The lack of subtlety doesn’t mean that the narrative isn’t complex in its own way. Those angry at President Marsdin for lying to the world all this time do have a point in some ways as she is in clear violation of the article in the constitution that states the President must be born in America. She wasn’t so it’s understandable that people would feel betrayed. One side of the issue that isn’t shown is those who feel betrayed but don’t have any ill will towards aliens though admittedly there’s really nothing to that stance outside of that. I would have liked at least a mention of it to show that a range of opinions do exist and the world is even more complicated.
Those who hate and fear aliens feel that their point of view is validated by the world learning that the President wasn’t being honest with them. They see it as an infiltration at the highest level of government and a confirmation that aliens are on Earth to take over the planet. The truth is far more complicated than that as aliens are people with their own motivations and agendas as anyone is.
As a story that is being told in an action/adventure superhero series this is a difficult one as there is no real tangible threat that can be defeated. Unless the writing gets really bad then it’s unlikely that Kara will be able to change the minds of everyone who hates aliens by the end of the season so this is an ongoing issue that can’t really be beaten. As such it’s hard to direct the focus to any one cause of the problem. Last season had Reign who was a tangible threat for example or season 2 eventually had the Daxamites but Kara is battling against prejudice and it’s an impossible thing to fight effectively. This is probably why the writers compromise by having antagonists who take advantage of the situation without directly causing it and this works really well.
The obvious ringleader is Agent Liberty who knows exactly what to say to encourage desperate people into action. There are those who are struggle to find employment and are looking for someone to blame so aliens are as good a scapegoat as any.
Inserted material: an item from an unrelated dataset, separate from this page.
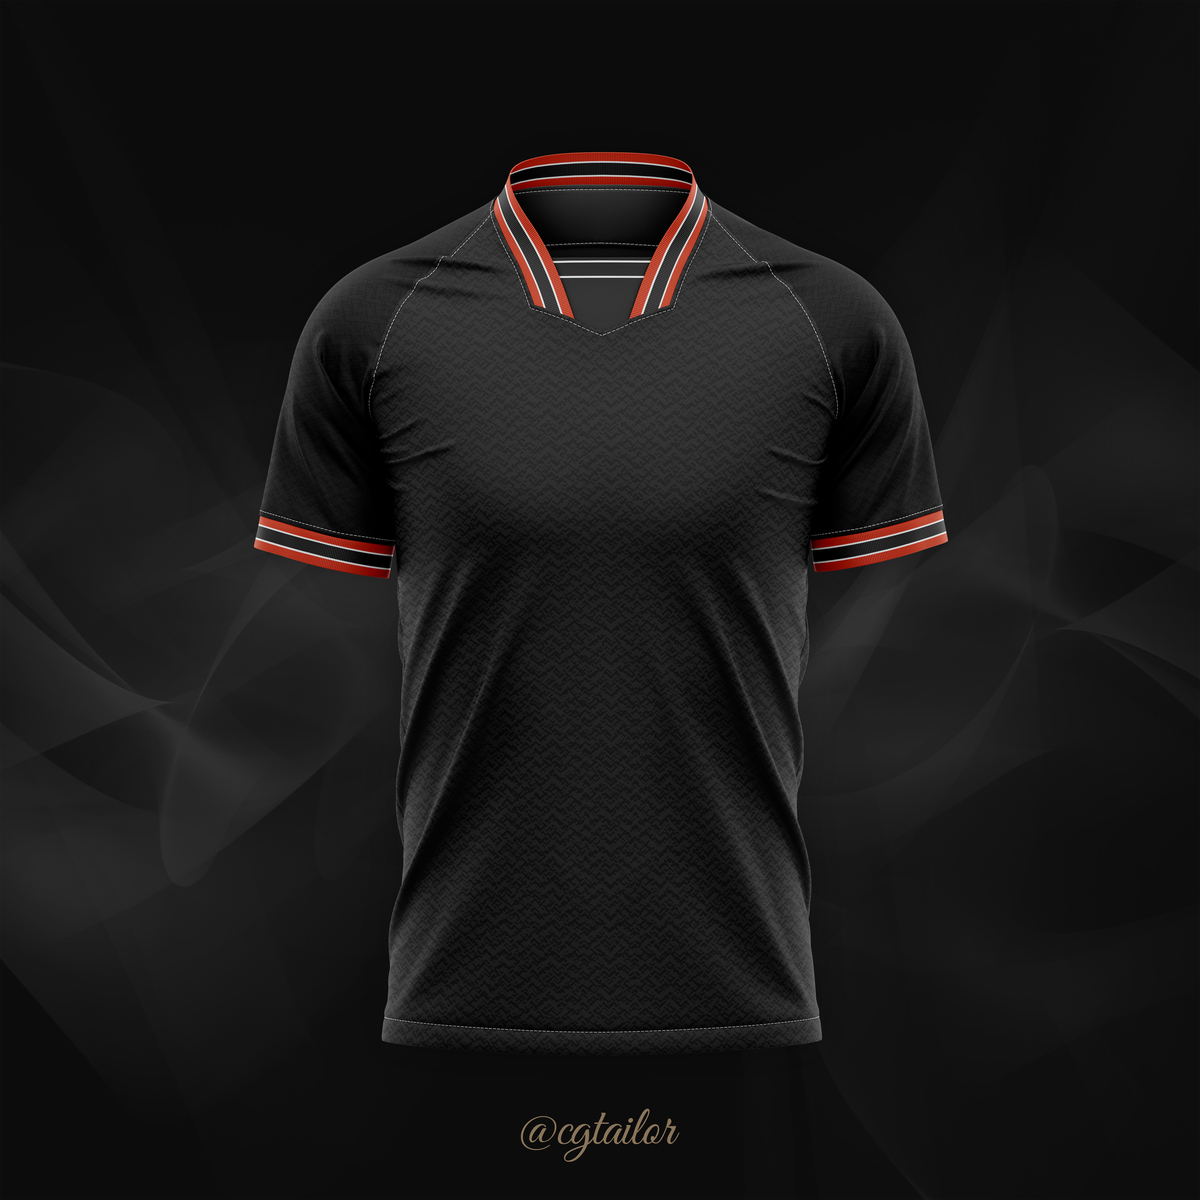 Download Nike Soccer Jersey Mockup By Cg Tailor On Dribbble

Agent Liberty preys on that sentiment in order to gain followers and it’s clearly not a difficult thing to do judging by how quickly people buy into what he has to say. J’Onn being present at this rally is a good idea because it allows one of the characters we know to be in the viper’s nest so to speak and David Harewood perfectly delivers the terror associated with knowing that everyone in that room hates him for what he is.
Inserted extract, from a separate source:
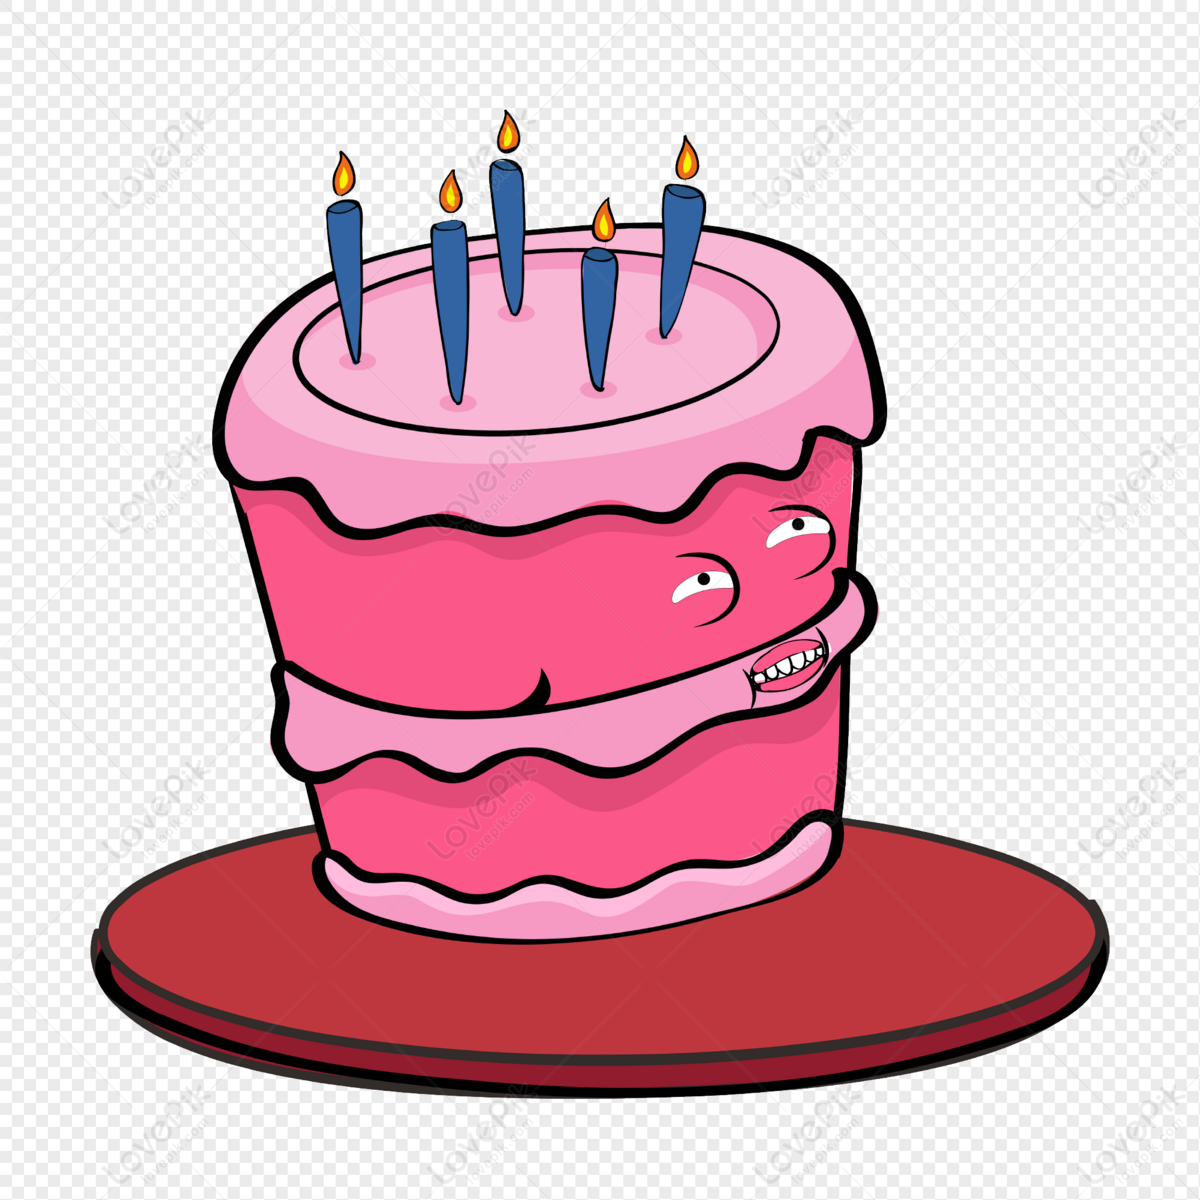 Birthday Cake Free PNG And Clipart Image For Free Download - Lovepik |  401707869

Agent Liberty being masked during this scene is an odd choice because it creates a disconnect between him and the crowd. Sam Witwer’s vocal performance is first rate but the fact that we can’t see his face raises a few questions around why people would trust him. The mask suggests to me that he has something to hide yet he preaches about transparency so it doesn’t quite add up to something entirely satisfying even if the scene itself works in terms of showing how easily he can manipulate the situation. He will be a formidable enemy because stopping him doesn’t actually solve the problem so there’s a built in fail-safe in that sense.
Mercy and Otis are affiliated with Agent Liberty but are also acting alone to some extent. After Otis’ capture last week Mercy is forced to act alone and her objective is to expose hidden aliens by hacking into the software that controls the image inducers. Her attempt fails but isn’t entirely unsuccessful as she is able to cause a brief interruption to the network which renders aliens visible in their true form for long enough to do some damage. The example we get of this is Brainy who is buying pizza from a restaurant he has been to a number of times but finds himself no longer welcome once the owner knows the truth. He goes from being a valued customer to an enemy in the space of a few seconds and that’s not something he is able to come back from. Earlier in the episode he talks about how this moment in history will pass and lead to something more positive which offers very little comfort in terms of what has to be dealt with in the present day.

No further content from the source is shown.